■ WHAT THE TASK ASKS ■
Set down each line of the material that follows, exactly, with no pictures.

■ RAW DATA ■
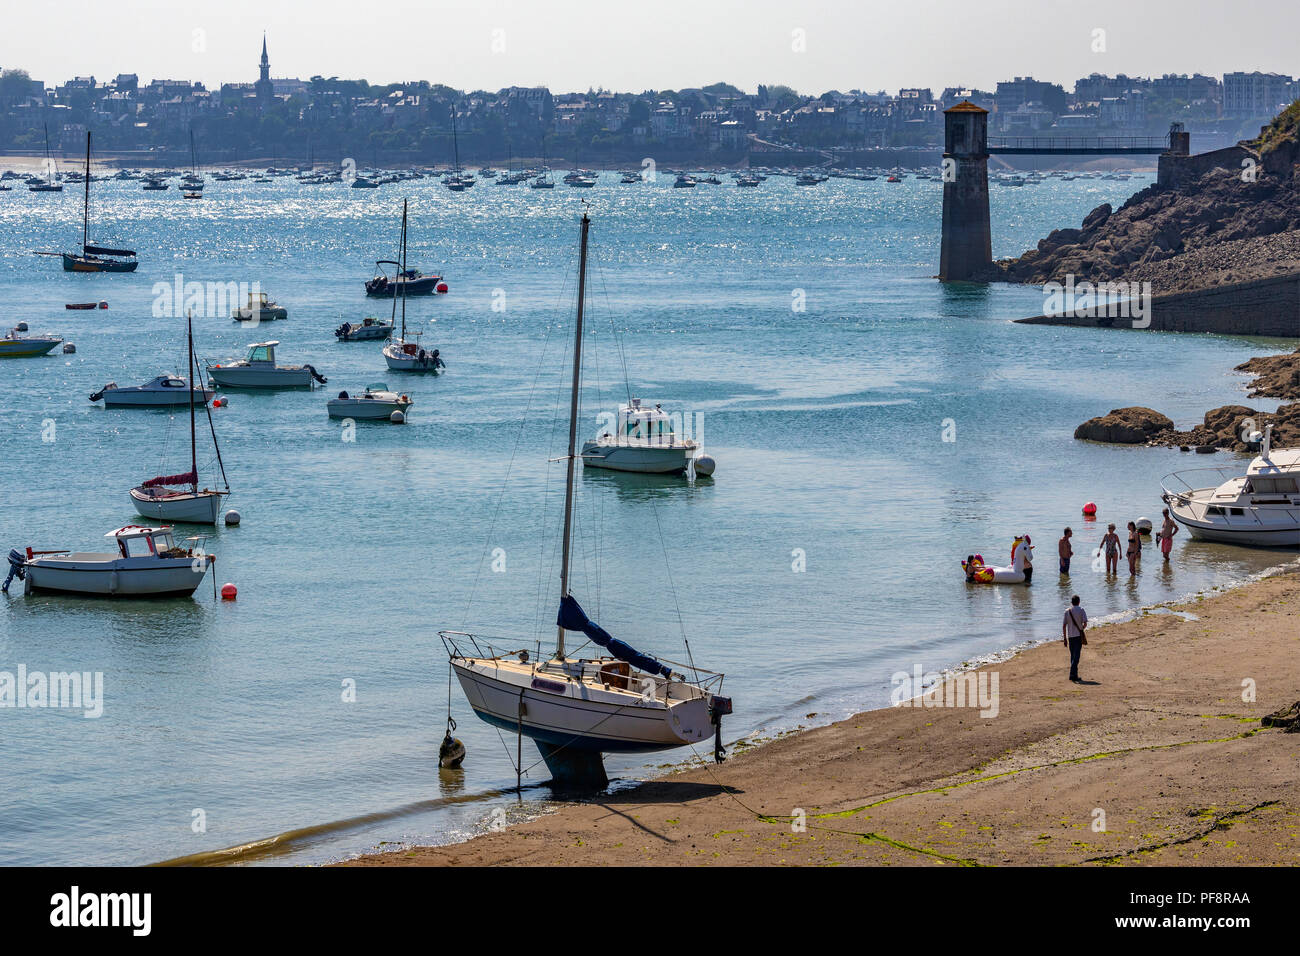 La marée basse à la Waterfront Solidor dans le port de Saint Malo sur la côte nord de la Bretagne en France Banque D'Images
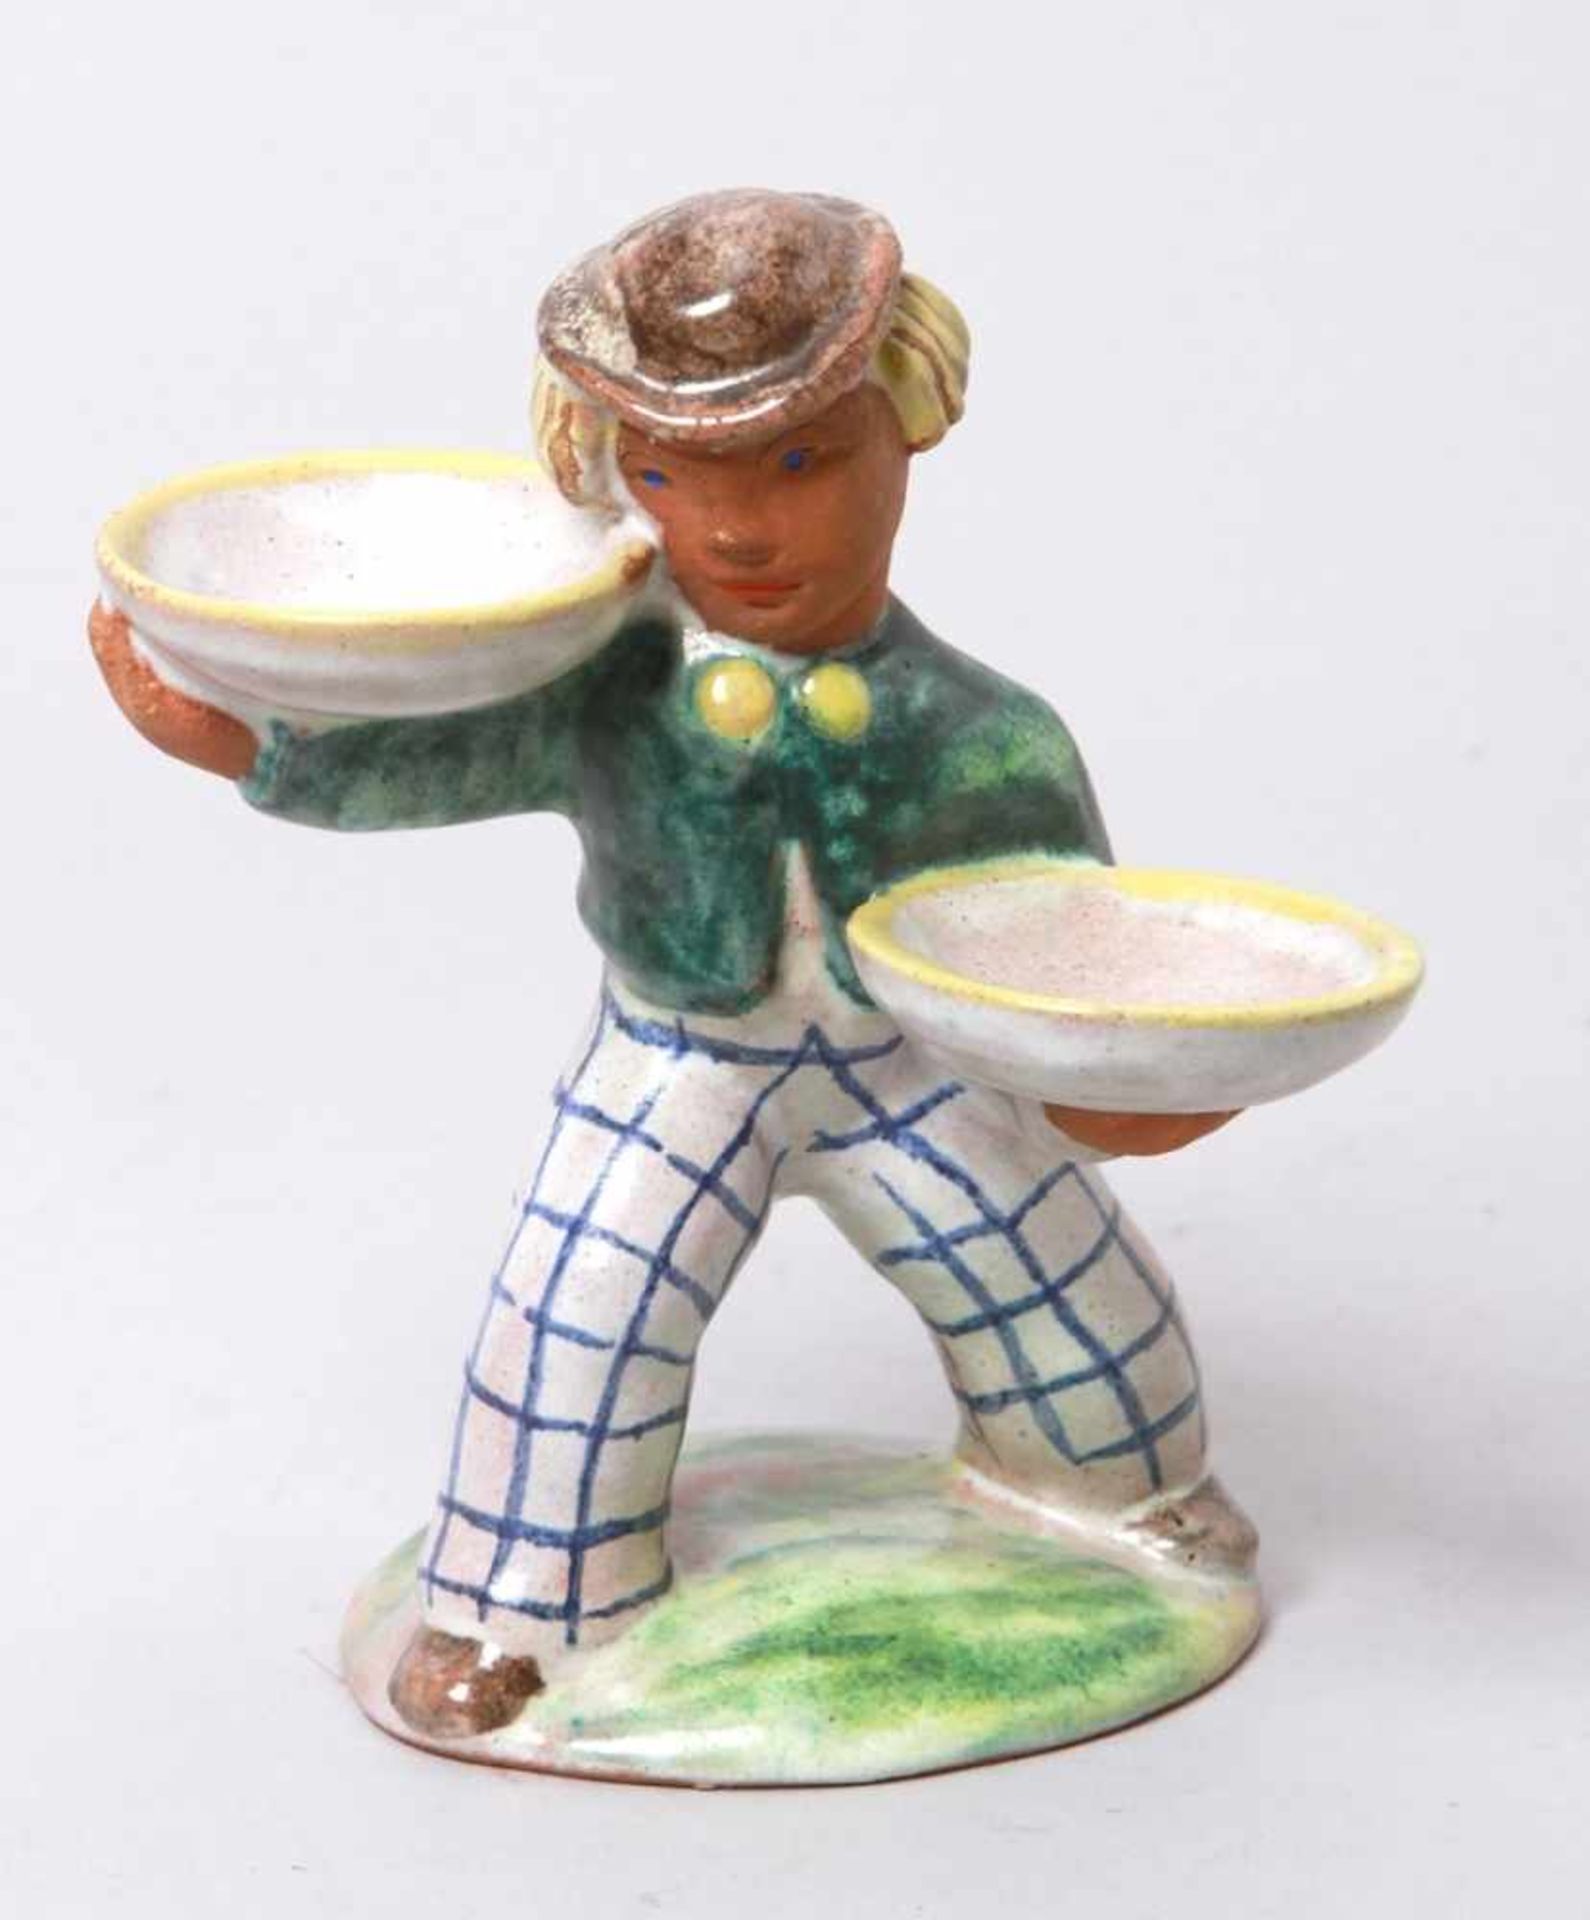 Keramik-Figur, "Schalenträger", Österreich, um 1910-20, auf leicht gewölbter
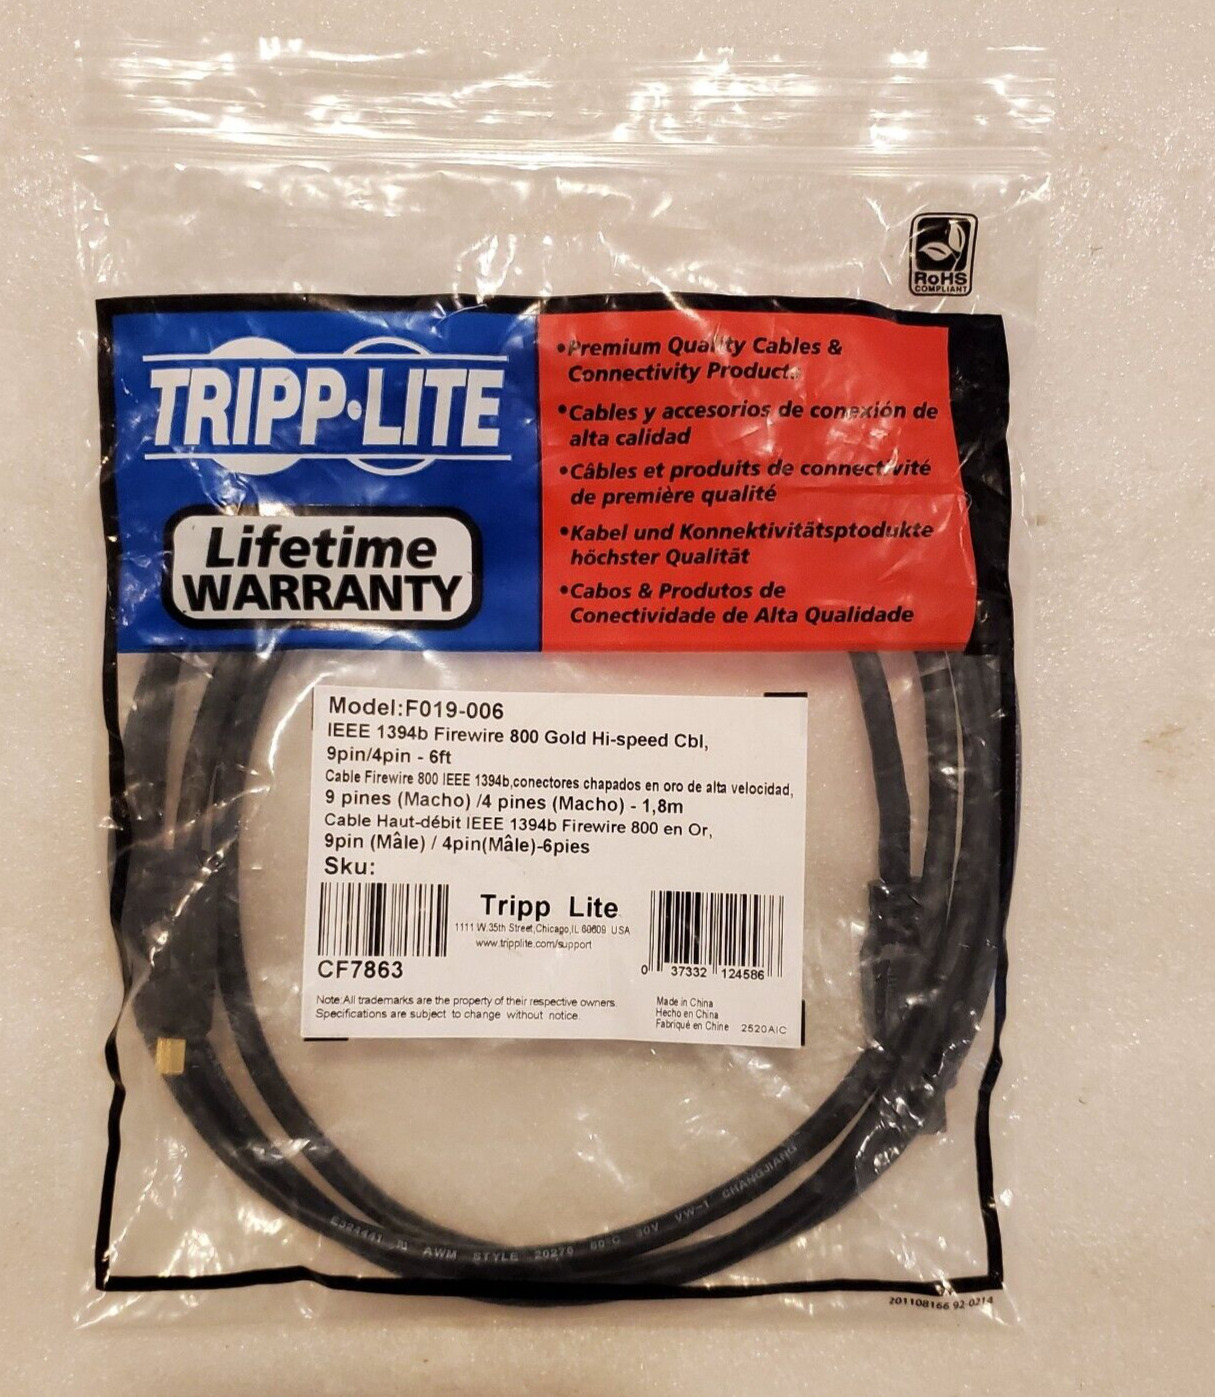 *New* Tripp Lite F019-006 FireWire 800 Gold Hi-speed Cable IEEE 1394b
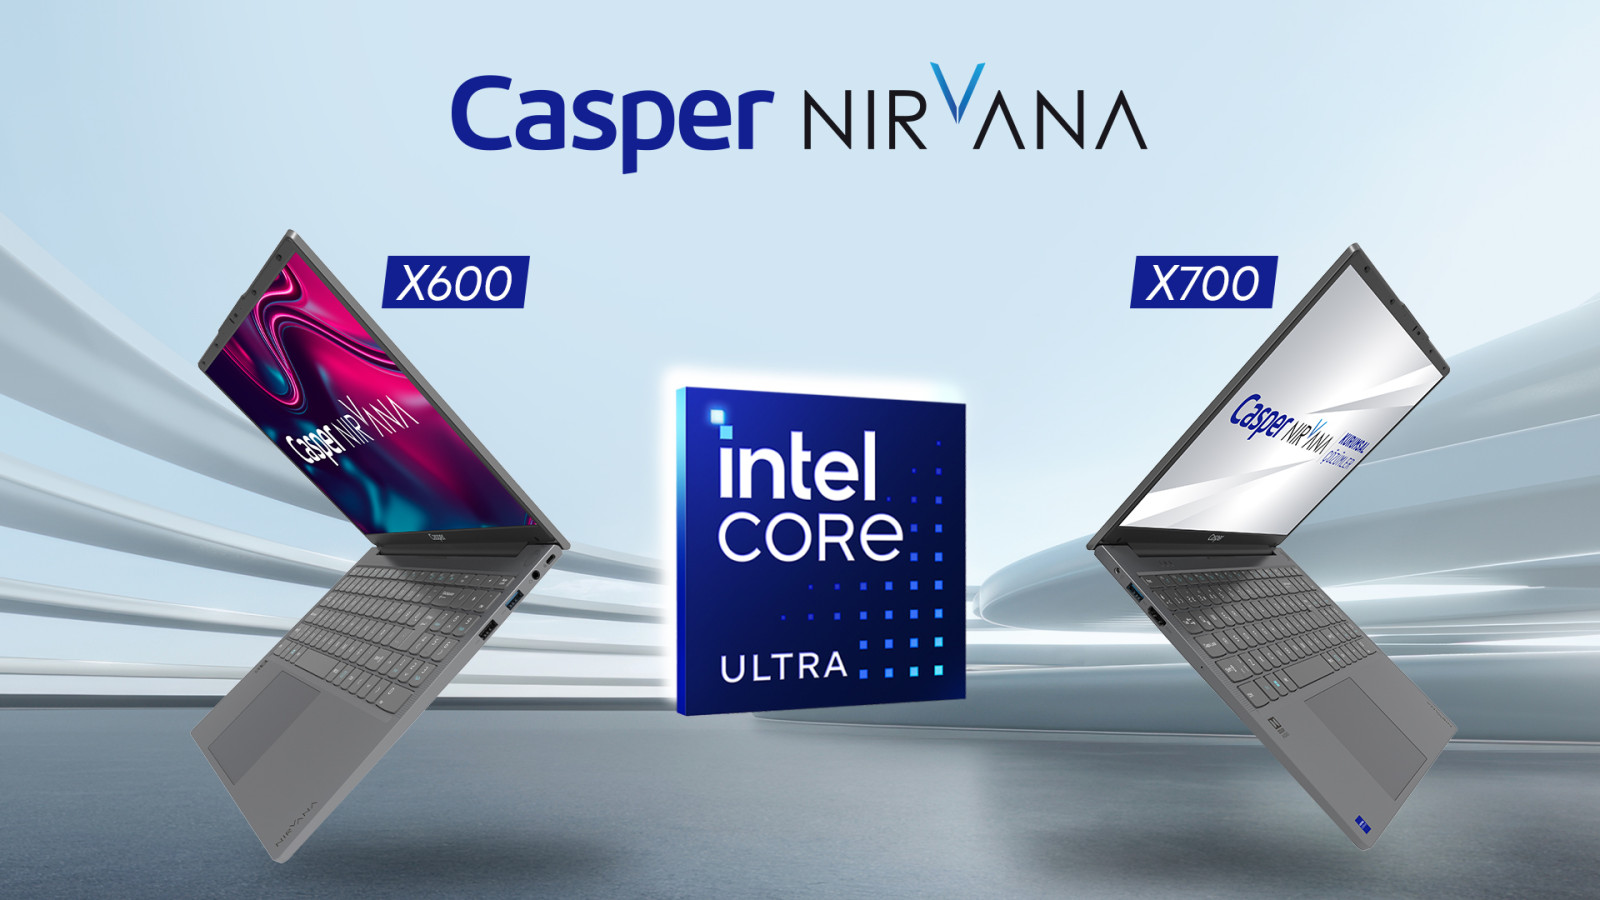 intel series 1 islemcilerle yenilenen casper nirvana x600 ve x700 duyuruldu 0 RZKrJ4BS

■ RESPONSE AREA ■
 La marée basse à la Waterfront Solidor dans le port de Saint Malo sur la côte nord de la Bretagne en France Banque D'Images
 Keramik-Figur, "Schalenträger", Österreich, um 1910-20, auf leicht gewölbter
 *New* Tripp Lite F019-006 FireWire 800 Gold Hi-speed Cable IEEE 1394b
 intel series 1 islemcilerle yenilenen casper nirvana x600 ve x700 duyuruldu 0 RZKrJ4BS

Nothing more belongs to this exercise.